A couple of weeks ago I took my first ever London bus journey. Ok, not quite on a par with scaling Kilimanjaro or going sky diving (two on the bucket list) but riding the top deck of the 189 from Cricklewood to Oxford Circus was memorable, if only in a way that was obvious to me alone.
Until then I'd been strictly a Tube man, ever since my first visits to London as a nervy, eager teenager. I was a mini-Magellan of the underground, excited by the prospect of figuring out those less-obvious connections (Maida Vale to Old Street: 10 stops, two changes and plenty of tunnel travel in between). And while I became fairly adept at negotiating London below ground, I had no sense of the city above it – I knew that Camden and Islington were north of the Thames and that the best stop for the curry restaurants of Brick Lane was Aldgate East, but I couldn't tell you how far away any of these places were from, well, anywhere.
I took the bus because I was late and it was raining, and I didn't fancy walking the half-mile down the wonderfully named Shoot-Up Hill to Kilburn. I sat in the front seat, with a perfect view of the road ahead: down Kilburn High Road and then left down toward St John's Wood. It was my first time on this road, but halfway down everything became instantly familiar. I'd seen the pedestrian crossing before. I checked the name of the road and sure enough, I was on Abbey Road. Schedule be damned, I jumped off the bus and stood on the edge of the road, watching a group of Italian visitors recreate the famous album shot – one even took his shoes off, Paul-style, for maximum authenticity. A small moment, yes, but a pleasant one, born out of unexpected surprise.
If I were to collect my most memorable experiences while travelling, a disproportionate number of them would be of that kind – unexpected moments that happened on my way somewhere. On a grand scale, they're the experiences described by travel writer Rory Stewart in The Places In Between, his riveting account of his solo walk across Afghanistan in 2002, around the same time as the US invasion. It is a masterpiece of travel narrative, populated by encouraging warlords, Taliban sympathisers who exercise admirable restraint in not shooting Stewart and a mottled dog called Babur who accompanies him for the second half of the journey.
Ever since reading the book, I have tried to remain mindful of my own places in-between. To remain unblinkered by the goal and to treat delays and detours as opportunities rather than irritating inconveniences. I have crawled and stumbled my way towards living that truth, but I have got there on occasion.

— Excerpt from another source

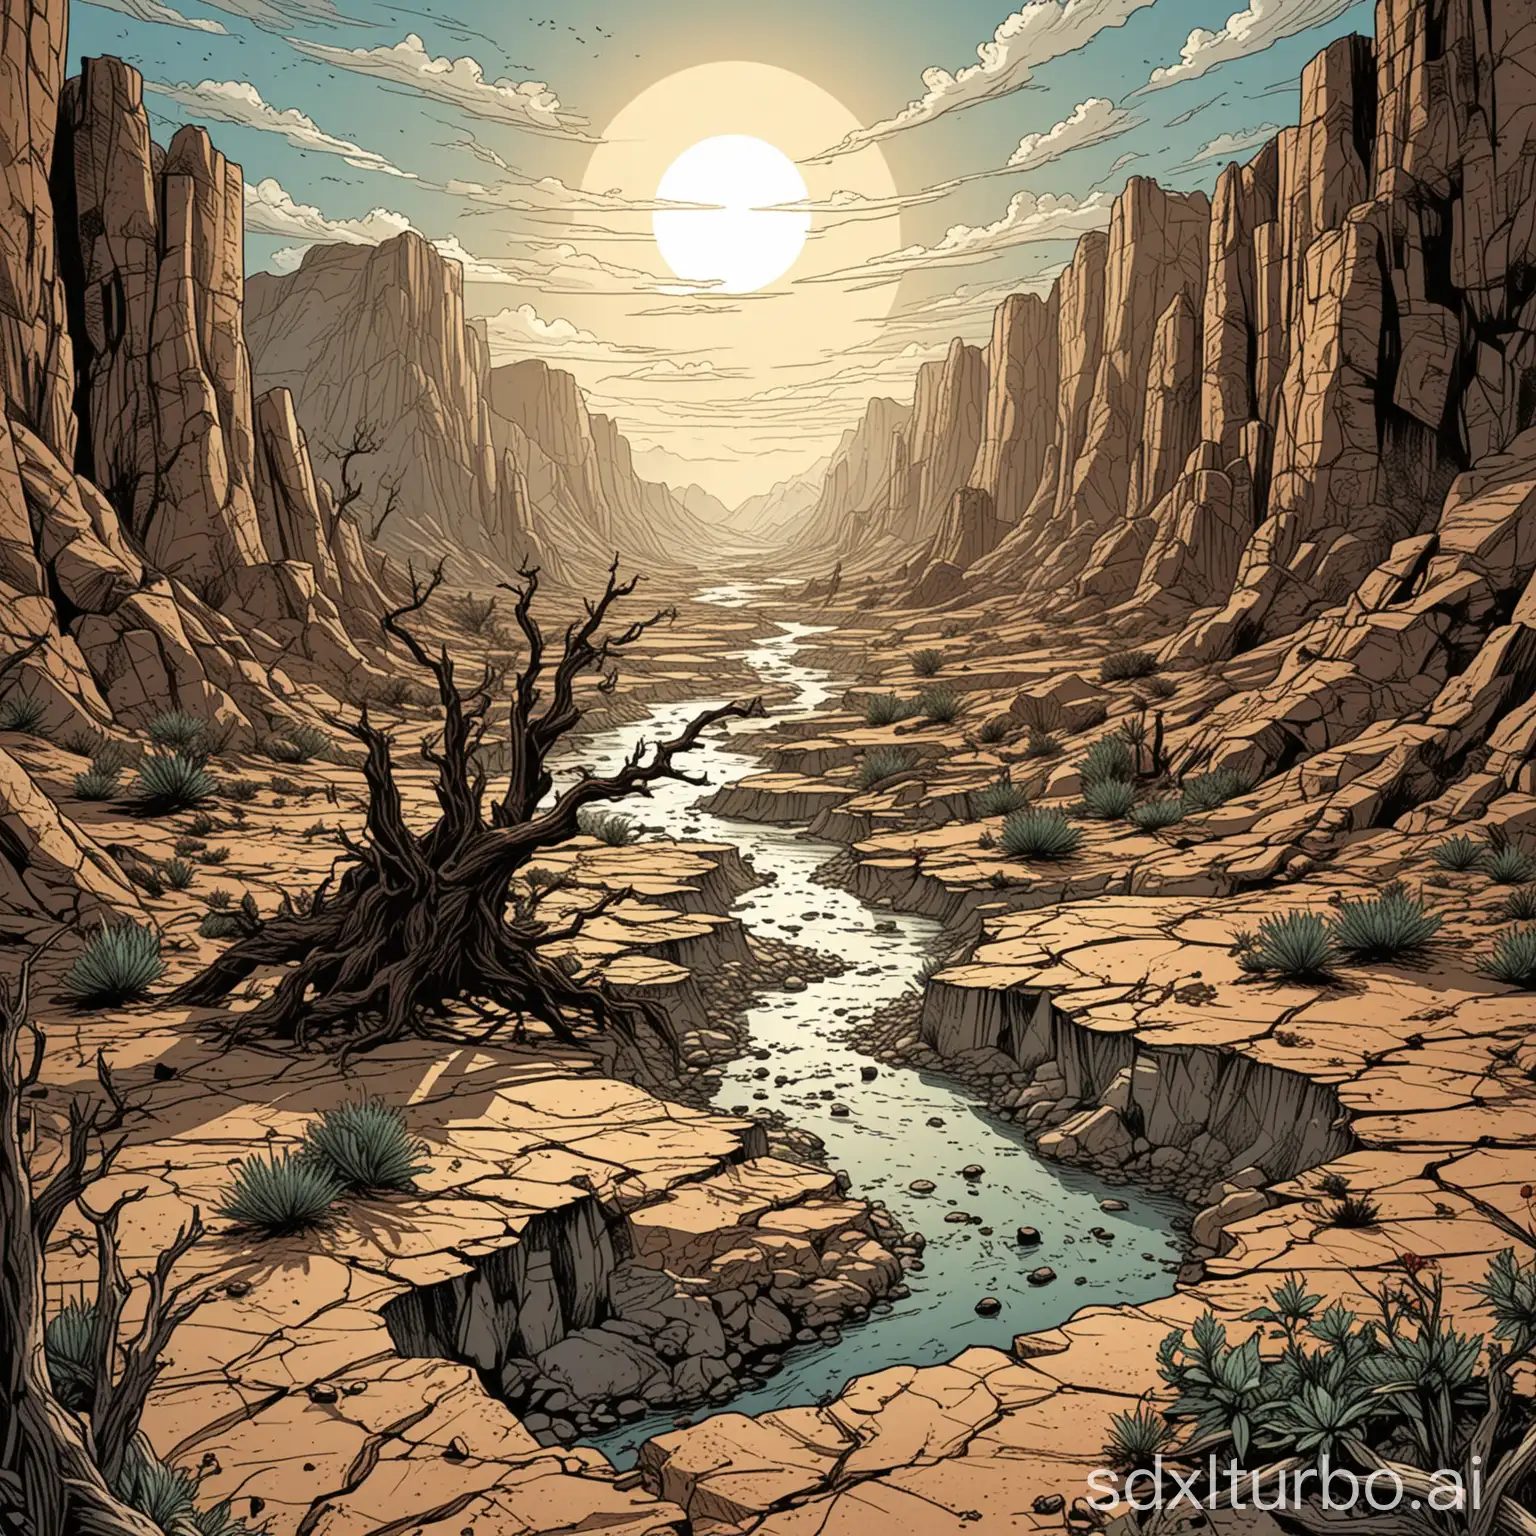 comic book style, Visual: A dry, desolate landscape with cracked earth and wilting plants. A large, menacing creature is coiled around a mountain or blocking a river. Details: The sky is clear with a harsh sun, and living beings, including humans, are shown suffering from the drought. Trees are leafless, and rivers are dry.

A couple of years ago, while visiting New York, I went to see the Mets play baseball at Citi Field in Queens. The stadium is in Flushing-Meadows Park, one of the largest in the city – it is also home to the USTA Billie Jean King National Tennis Center and hosted two world fairs, in 1939 and 1964. After the game, I went looking for an Italian restaurant highly recommended to me by a friend. I had an address, but was unfamiliar with the neighbourhood, Corona, a multi-ethnic melting pot that was once home to substantial populations of Irish, Italian and African-Americans. It's a fairly plain residential neighbourhood, the bulk of the houses reminding me of the one used in the TV show King of Queens, (which was set in neighbouring Rego Park, even though the house itself is in New Jersey).
Hungry and more than a little frustrated, I asked for directions to the restaurant, but nobody seemed to know where it was. Eventually, I found myself standing in front of a redbrick house at 34-56 107th Ave. There was nothing to distinguish the house except for a small plaque at the front, indicating that this was the house that once belonged to Louis Armstrong. One of the greatest musicians of the 20th century, a giant of jazz and the outstanding soloist of his era, lived here from 1943 until his death in 1971, in a plain house in an unfashionable neighbourhood of Queens, far from the fanfare and bright lights of fashionable New York.
The house is now a museum, little known and barely visited, but what thrilled me the most was that inside everything had been left pretty much as it had been when Satchmo lived there. I never found that Italian restaurant. Instead, I found my favourite museum in New York. It’s all about the places in-between.